The apparatus for extracting multiple answers in a question-and-answer system according to at least one of the correct answer indexers according to the characteristics of candidate correct answers included in the sentence of the target document or the user's question sentence.

The method of claim 9, wherein the multiple correct answer extractor,

At least one of a pattern-based correct answer extractor, a statistical-based correct extractor, a short answer correct extractor, a descriptive correct extractor, and an enumerated correct extractor,

Multiple answer extraction apparatus in a question-and-answer system, characterized in that the correct answer extractor of at least one of the correct answer extractor extracts the candidate answer that best matches the user's question intent according to the user's question intent and difficulty by the multi-strategy configuration .

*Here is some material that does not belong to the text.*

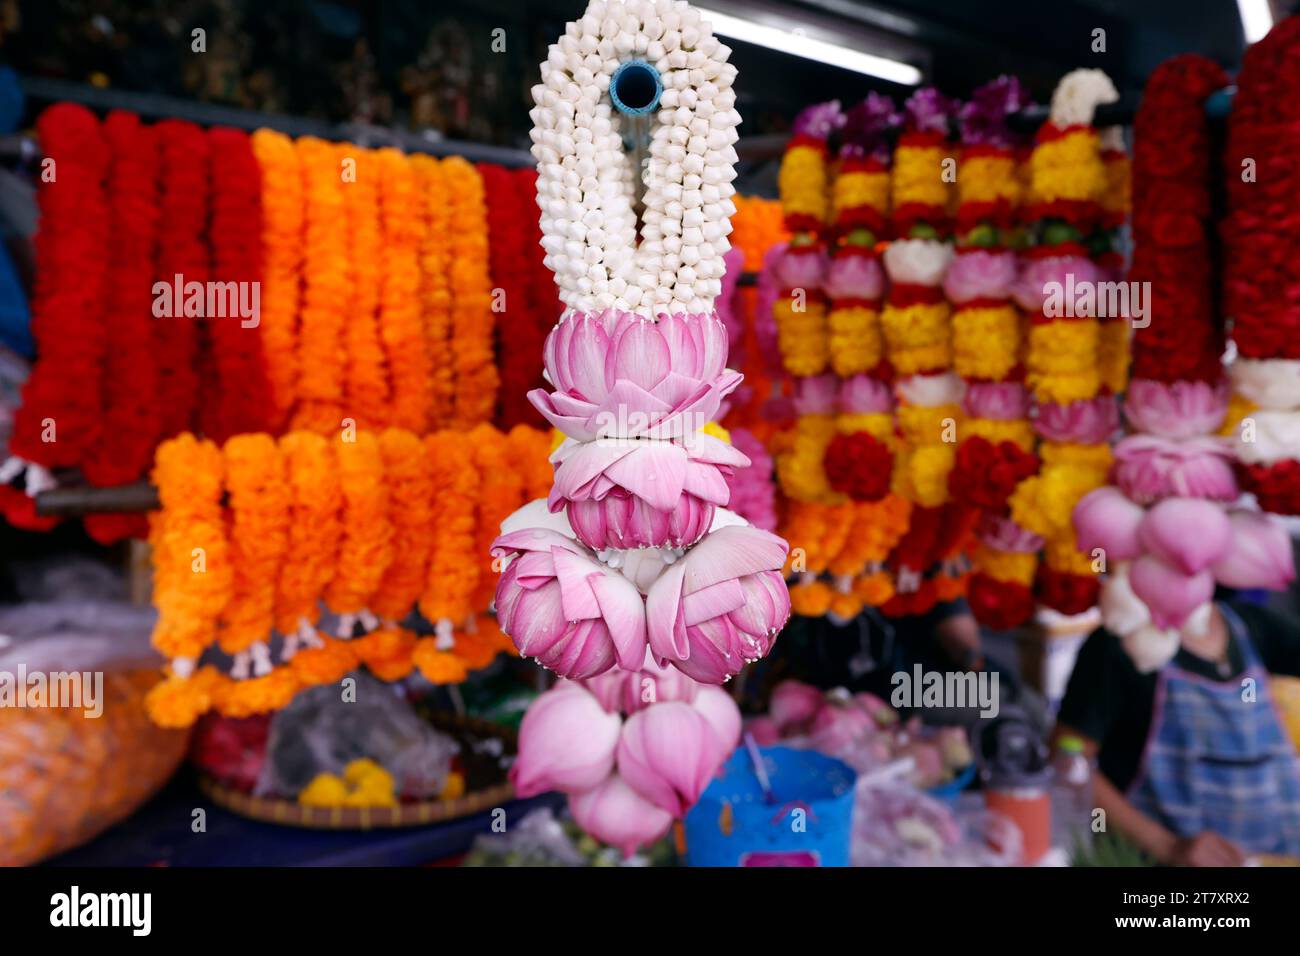 Guirlandes de fleurs comme offrandes de temple pour la cérémonie hindoue, magasin de fleurs indiennes au temple Sri Maha Mariamman, Bangkok, Thaïlande, Asie du Sud-est, Asie Banque D'Images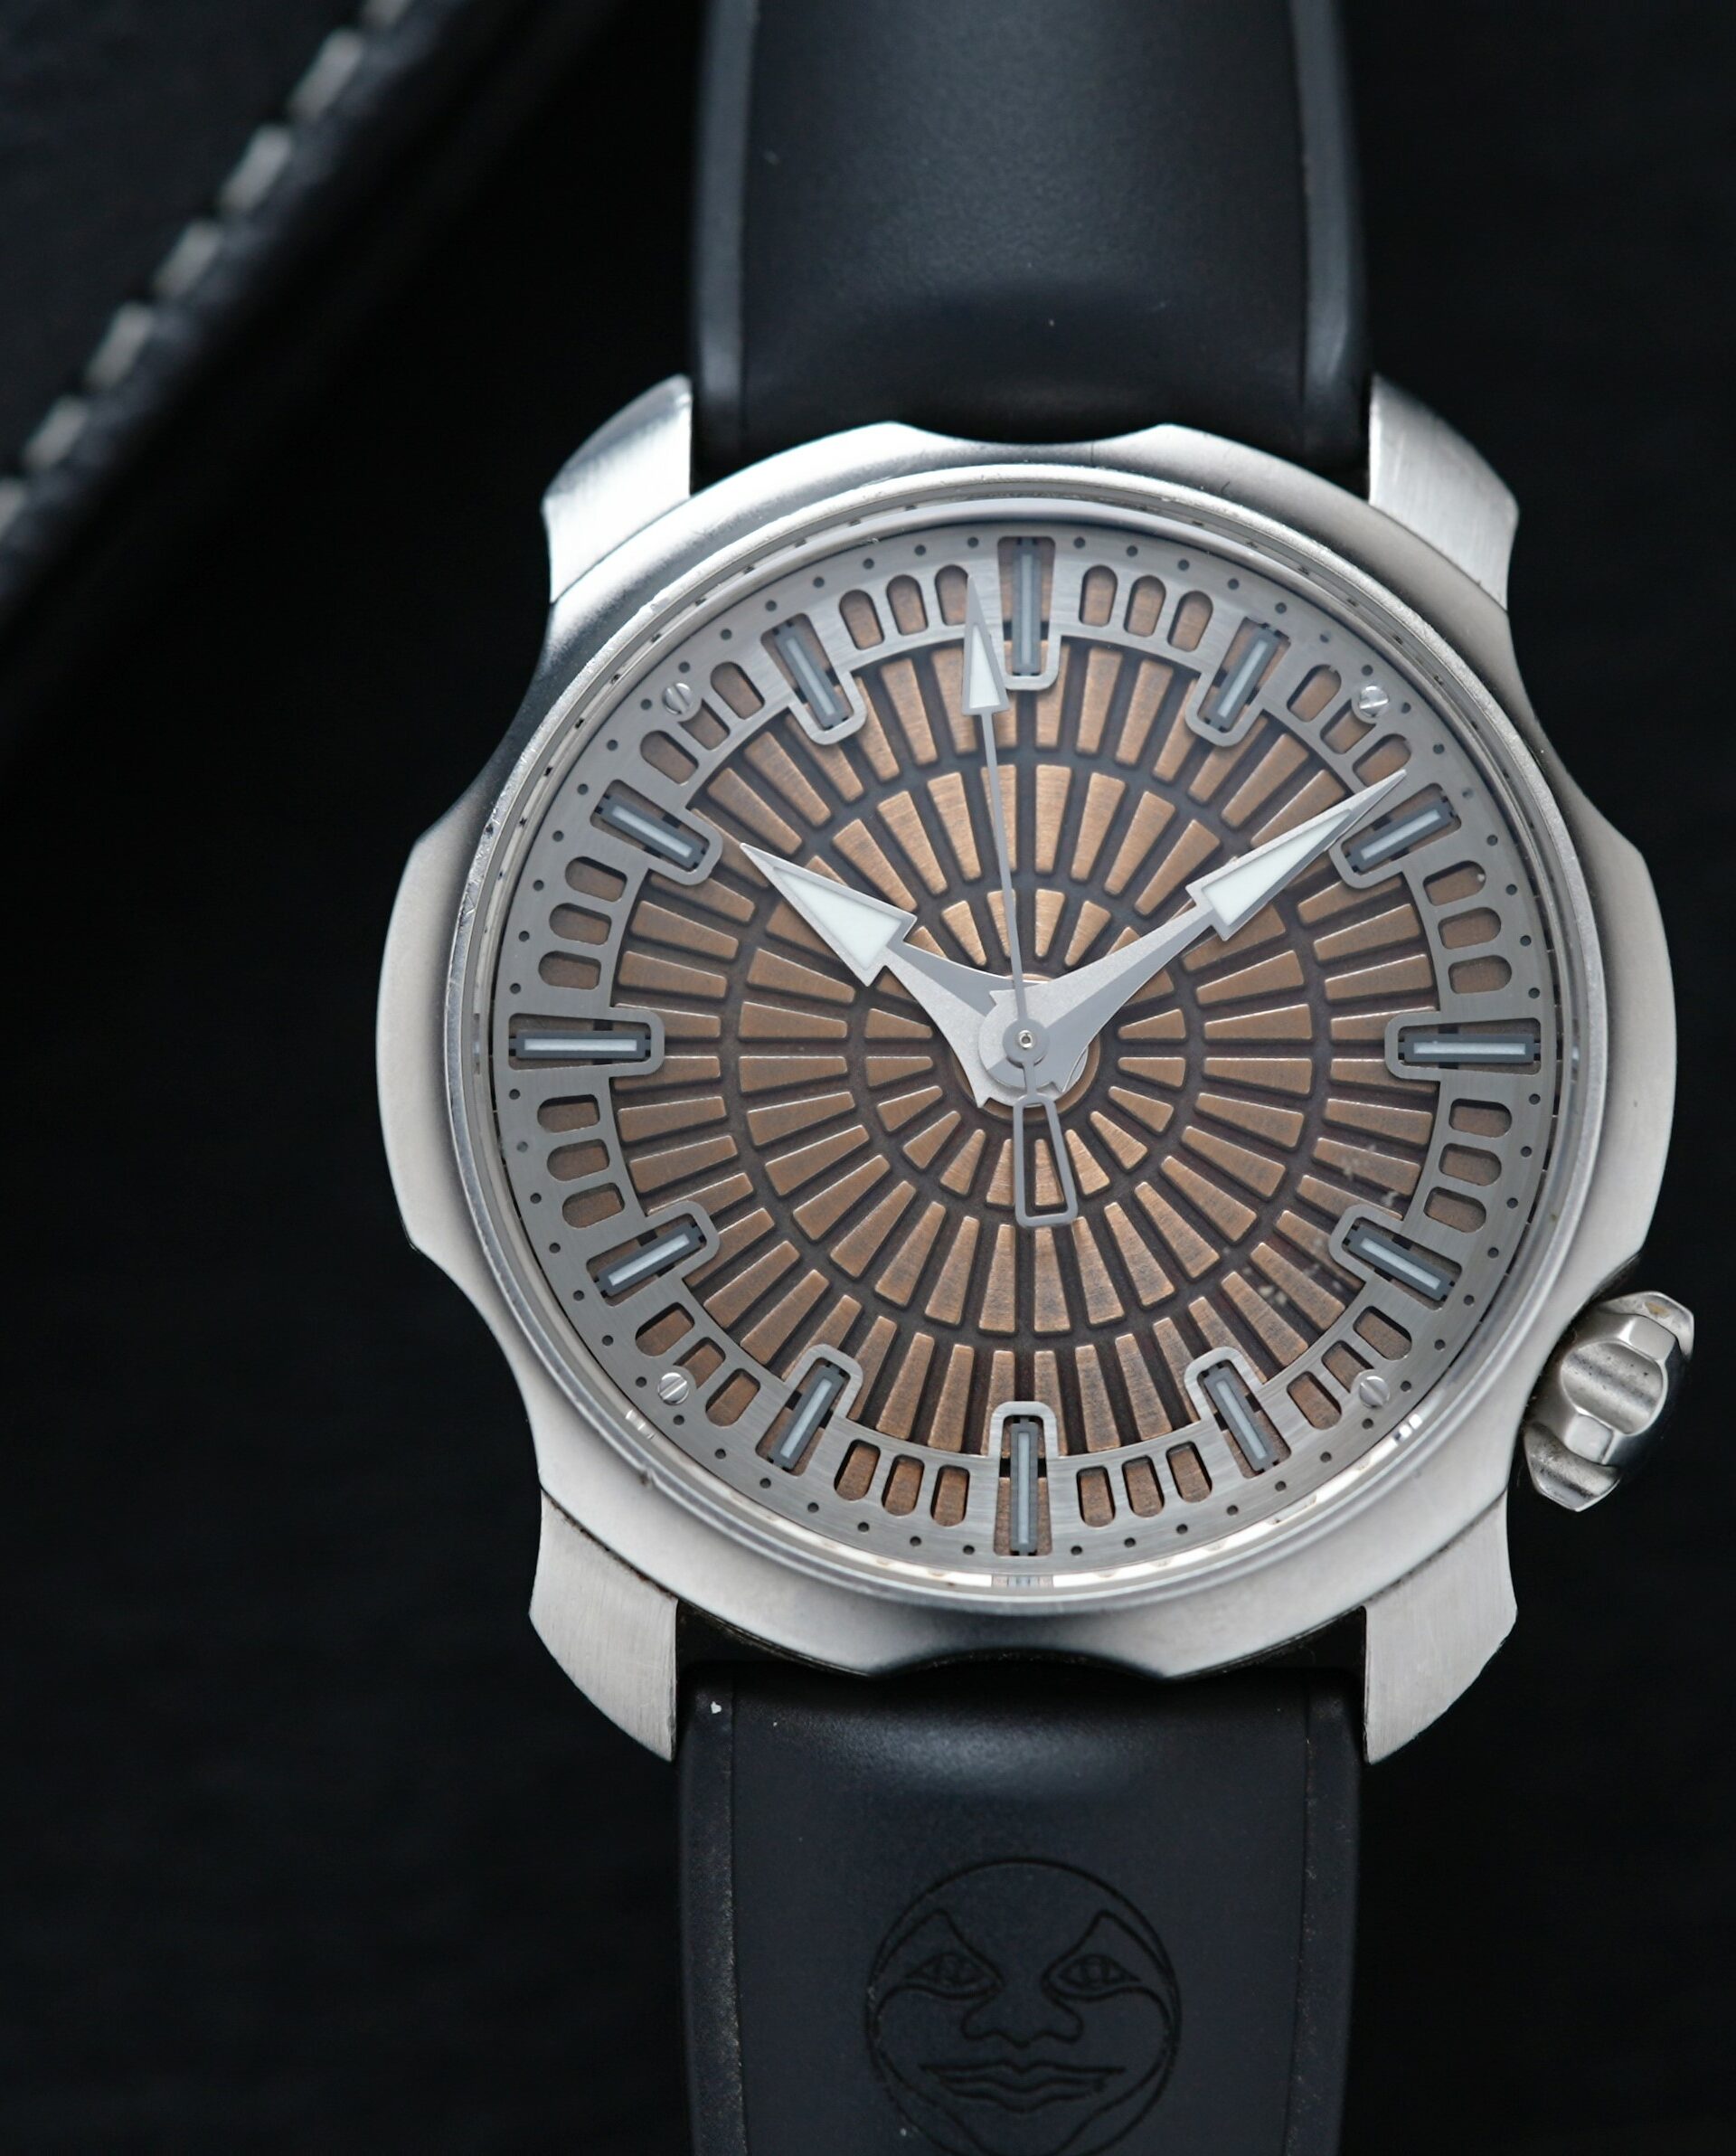 Sarpaneva Super1 watch featured under white light with binder in background.

The method of claim 12, wherein the multi-strategy configuration,

An apparatus for extracting multiple answers in a question-and-answer system comprising a rule for selecting a correct answer extractor suitable for a user's question intent and difficulty, and an integrated rule for the multiple candidate candidates.

The correct answer manager according to claim 9 or 13,

Integrating the extracted candidate correct answers according to the type of the correct answer to the user's question by the multi-strategy configuration, then comparing and re-ranking the proposed correct answers to the user's question intention and presenting them to the user. An apparatus for extracting multiple correct answers in a question and answer system.